Как раз мимо прошествовала Моника, топая синими сапогами по голубому мрамору и размахивая руками, как некий бравый гвардеец.
— Даже не пытайся меня уговаривать! — заявила она, сверкнув глазами в сторону мага. — Я уезжаю к маме!
— Моня! — с мольбой в голосе воззвал Илларион.
— Нет-нет-нет! К маме я! — сжала кулаки девушка и скрылась в доме.
Через минуту оттуда понеслось:
— Я не буду терпеть этих безобразников! В прошлый раз они уперли все мои папильотки, сожрали мюсли и разбили мои любимые чашки!
— Им нужны были черепки для мавзолея. А из твоих фарфоровых чашек получился замечательный мавзолей, — попытался оправдать «безобразников» Илларион. — До сих пор украшает западный склон…
— Плевать мне на их мавзолеи! — заявила Моника, на миг высунувшись в окно гостиной. — Я не понимаю: почему мы вообще должны терпеть эту мелкую сволочь? Почему мы не можем переселиться?
— Ну, дорогая, ты же знаешь: я, как маг, обязан давать пристанище мелконогам на время их сезонной миграции…
— Вот ты и давай! — выдохнула Моника, являясь на порог с двумя сумками в руках. — Ты же маг. А я — к маме!
Илларион тут же бросился вперед, чтоб помочь девушке с багажом, но она сердито протопала мимо, подвинула мага сумками. Одетая, как и была — в джинсовом комбезе, резиновых сапогах и в соломенной шляпке. Только перчатки сняла.
Вышла за калитку, села в белый Пежо-"жучок" и рванула по дороге куда-то на север, обдав выбежавшего следом чародея ароматным выхлопом, безвредным для окружающей среды.
— Эх, Моня, Моня, — вздохнул Илларион
С одной стороны это, конечно, было нехорошо: то, что Моника бросала его одного в столь сложной ситуации. А с другой стороны, кратковременные разлуки очень даже нужны для укрепления отношений. "В конце концов, Моня у мамы давненько не была. Вот побудет, успокоится, заскучает и вернется. Не первый раз такое. Да и мама ее передаст мне новый свитер, с оленями… или снежинками… прекрасные у ней свитера получаются…" — думал маг и плелся к клумбе с гиацинтами, чтоб увидеть «безобразников».
Там уже кипела работа: два гнома-мелконога укрощали пойманную мышь. Третий гном — персонаж постарше и повыше, в черной кожаной жилетке — командовал, махая руками:
— Тяни! Тяни ее! Чтоб тя разорвало! Кто так тянет?! Пшол вон, придурок! Смотри, как надо!
Илларион вздохнул, искренне сочувствуя мыши, и заявил о себе, сказав ласковым тоном классическое приветствие "добрый день".

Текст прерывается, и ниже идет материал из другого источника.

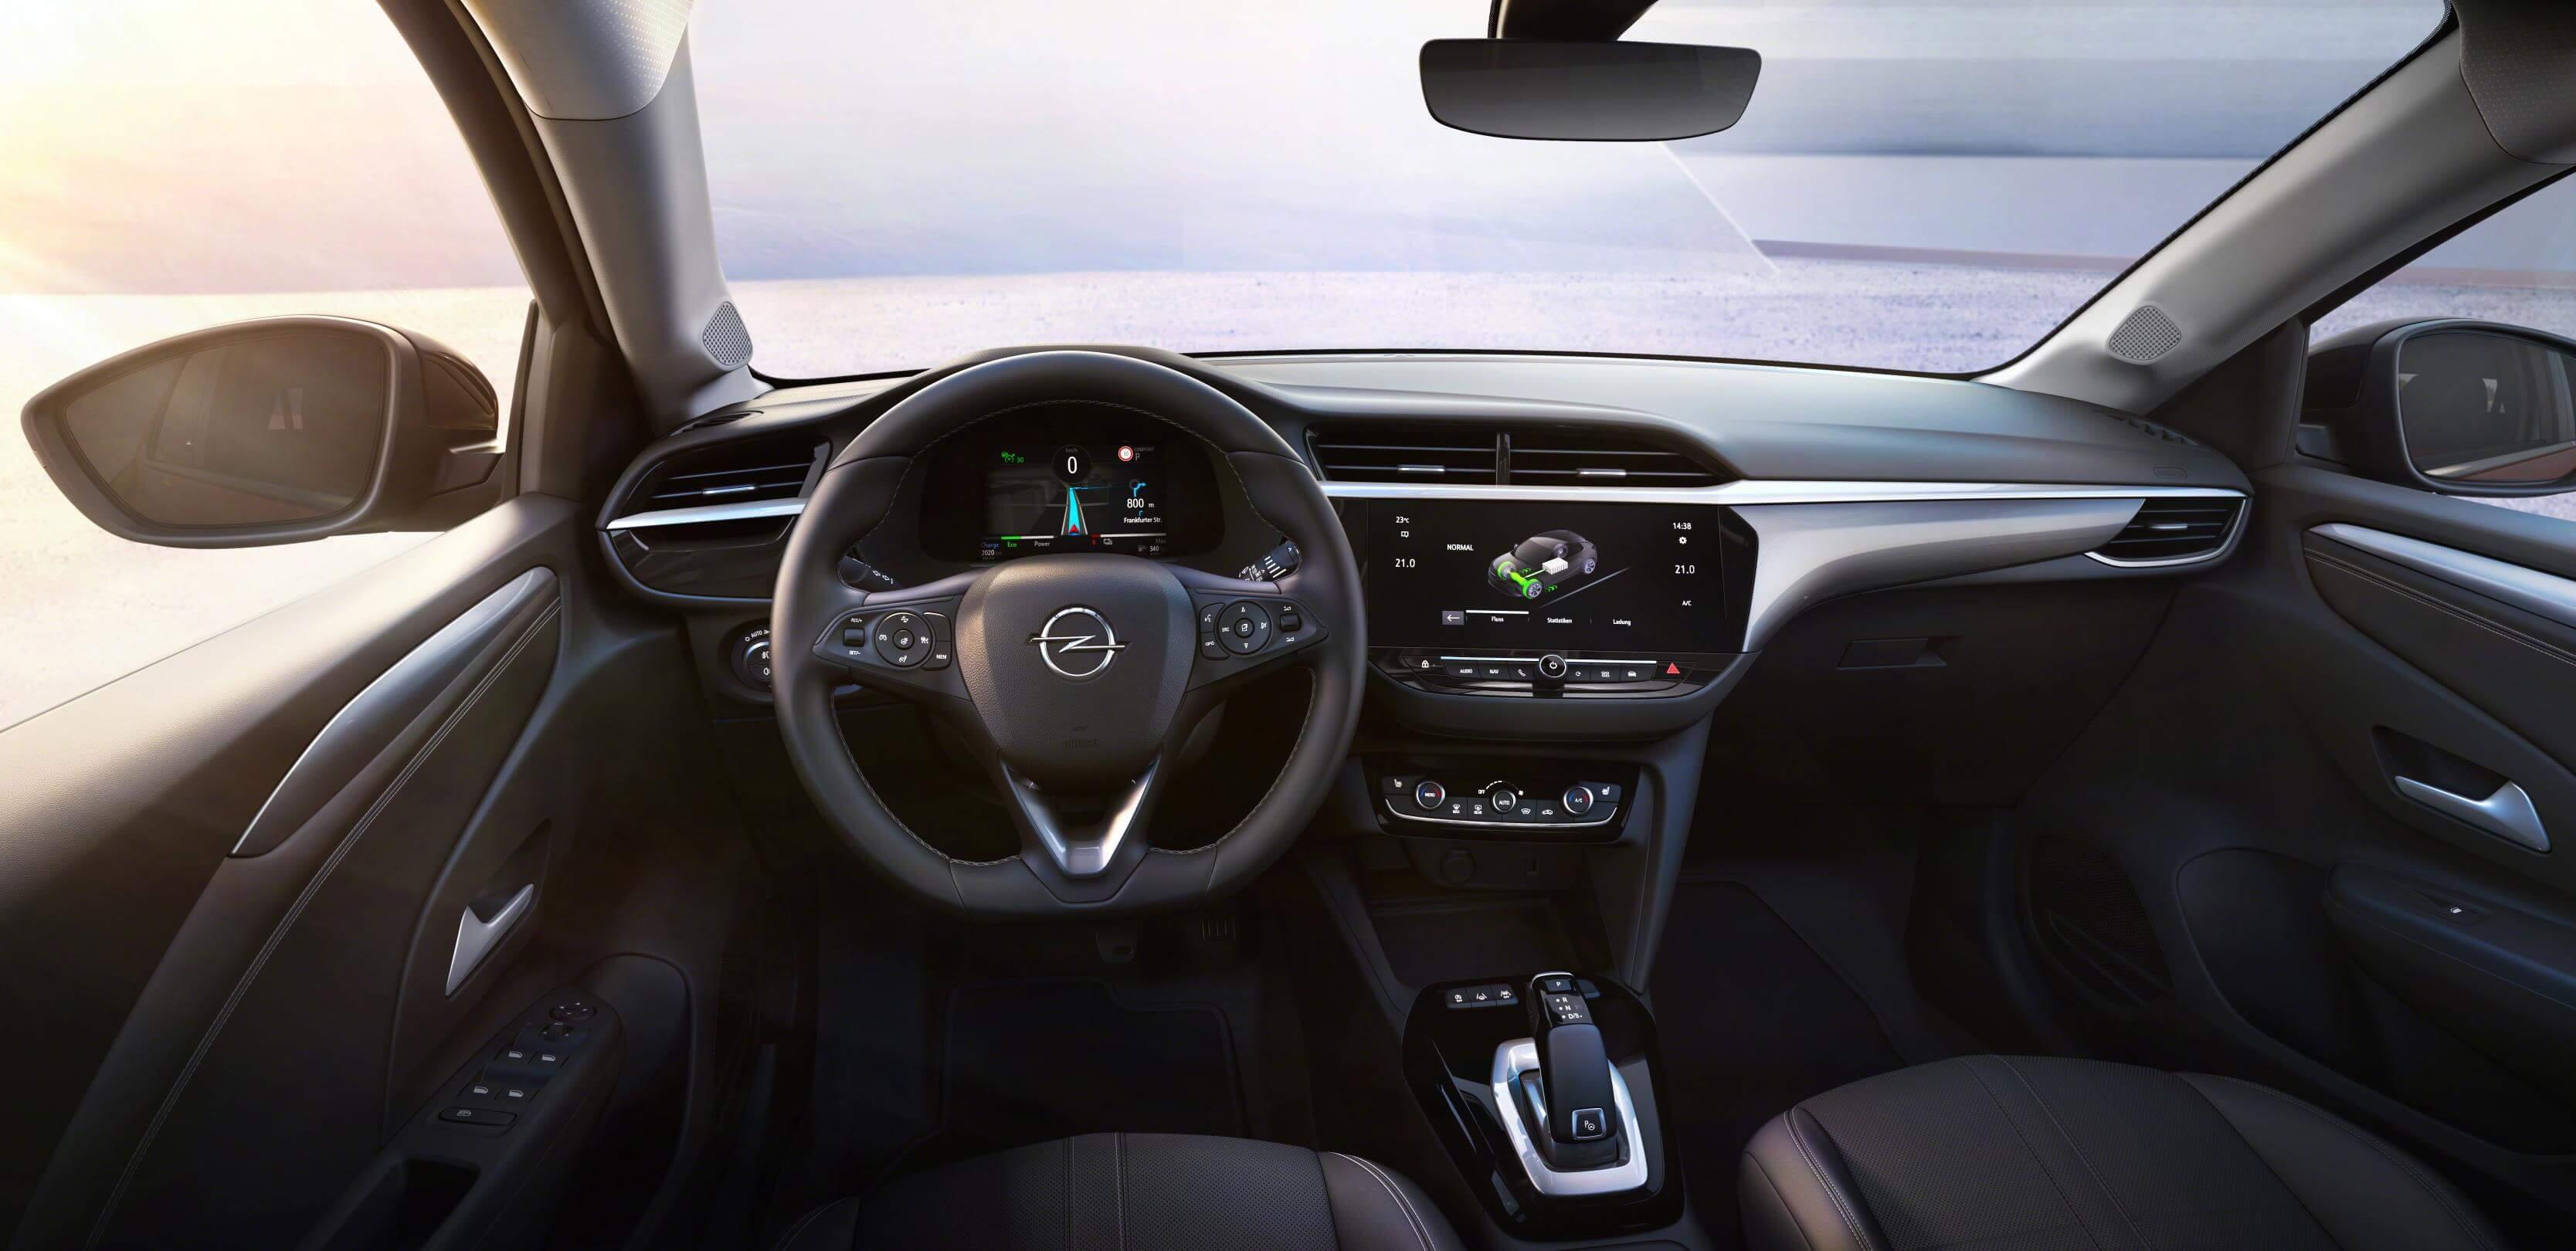 Opel Corsa-e: interior

Гномы замерли, обернувшись в его сторону.
Старшой мелконог смерил чародея таким презрительным взглядом, что Илларион невольно поежился и запахнул плотнее свой черный шелковый халат, дабы скрыть мускулистую грудь и идеально прокачанный живот.
— Ну, типа здорОво, — ответствовал гном, пожевав губами, — давненько типа не видались.

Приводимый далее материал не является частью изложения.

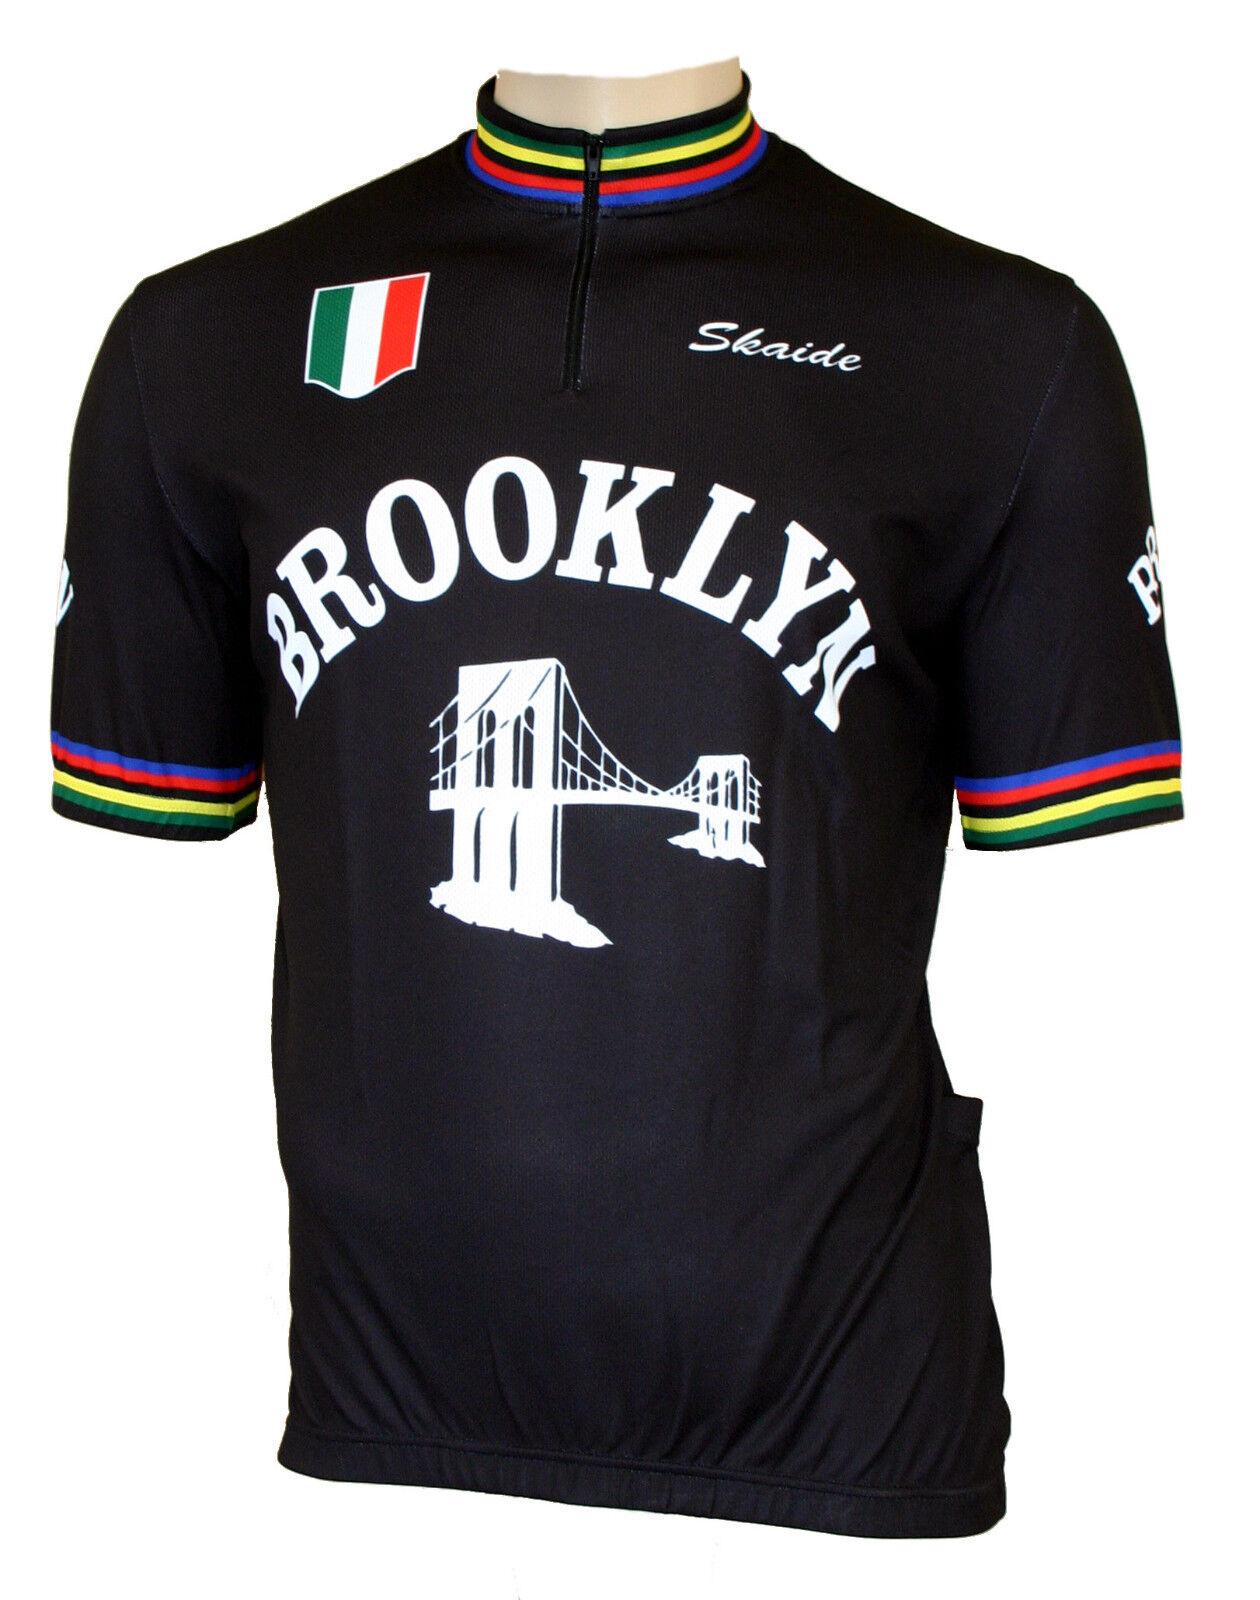 CYCLING Brooklyn Retrò Nero a Maniche Corte (anche taglie forti fino a 6xl)

Тут его младшие товарищи подняли страшный писк: пока гномы рассматривали Иллариона, мышь успела перегрызть аркан и улепетнула в куст шиповника.
— А! Держи гада! — заорал старшой, а в сторону Иллариона бросил злобное. — Ты за это ответишь!

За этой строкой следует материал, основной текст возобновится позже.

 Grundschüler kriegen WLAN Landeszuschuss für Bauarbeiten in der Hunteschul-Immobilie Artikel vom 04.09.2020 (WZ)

Вся эта чрезвычайно мелкая, но весьма шумная компания бросилась в погоню за свободолюбивым грызуном, а Илларион, еще раз тяжело вздохнув, проследовал дальше, за клумбу, дабы увидеть: табор какой численности почтил в этом году его скромное жилище. — Тридцать три головы, — пробормотал чародей. — Не считая скотины… Хорошее число…
— Чё уставился? За просмотр денежки гони! — заявила Иллариону старшая среди гномих, высокая и коренастая бабенка с двумя черными косами и шлемом из бронзового наперстка на голове.
Игнорируя ее грубости, чародей вежливо поклонился пестрому табору гномов-мелконогов, который уже свои лоскутные шатры за несостоявшейся гиацинтовой клумбой раскидывать собрался, и сказал:
— Рад приветствовать вас, уважаемые, на моей земле. Надеюсь…
Его опять прервали — еще грубее, чем раньше: какой-то косоглазый и чрезвычайно лохматый гномыш с лихим "иэх!" засветил в волшебника абрикосовой косточкой.
Маг отклонил голову влево и спас от травмы один из своих голубых глаз, и опять тяжко-тяжко вздохнул: он убедился, что с прошлого года стая мелконогов ничуть не изменилась в моральном плане. Те же хамы и грубияны.
Они были редким и исчезающим видом.
В этом состояло все несчастие.
От обычных гномов мелконоги отличались именно мелким ростом и мелкими ступнями, а еще тем, что у мужских особей не росли бороды, а росли исключительно бакенбарды, черные и курчавые. Конечно, были и другие существенные отличия: в рационе, ремеслах, одежде и всевозможных ритуалах (бракосочетание, день рождения, погребение), но мелкие ноги и бакенбарды считались наиболее характерной чертой.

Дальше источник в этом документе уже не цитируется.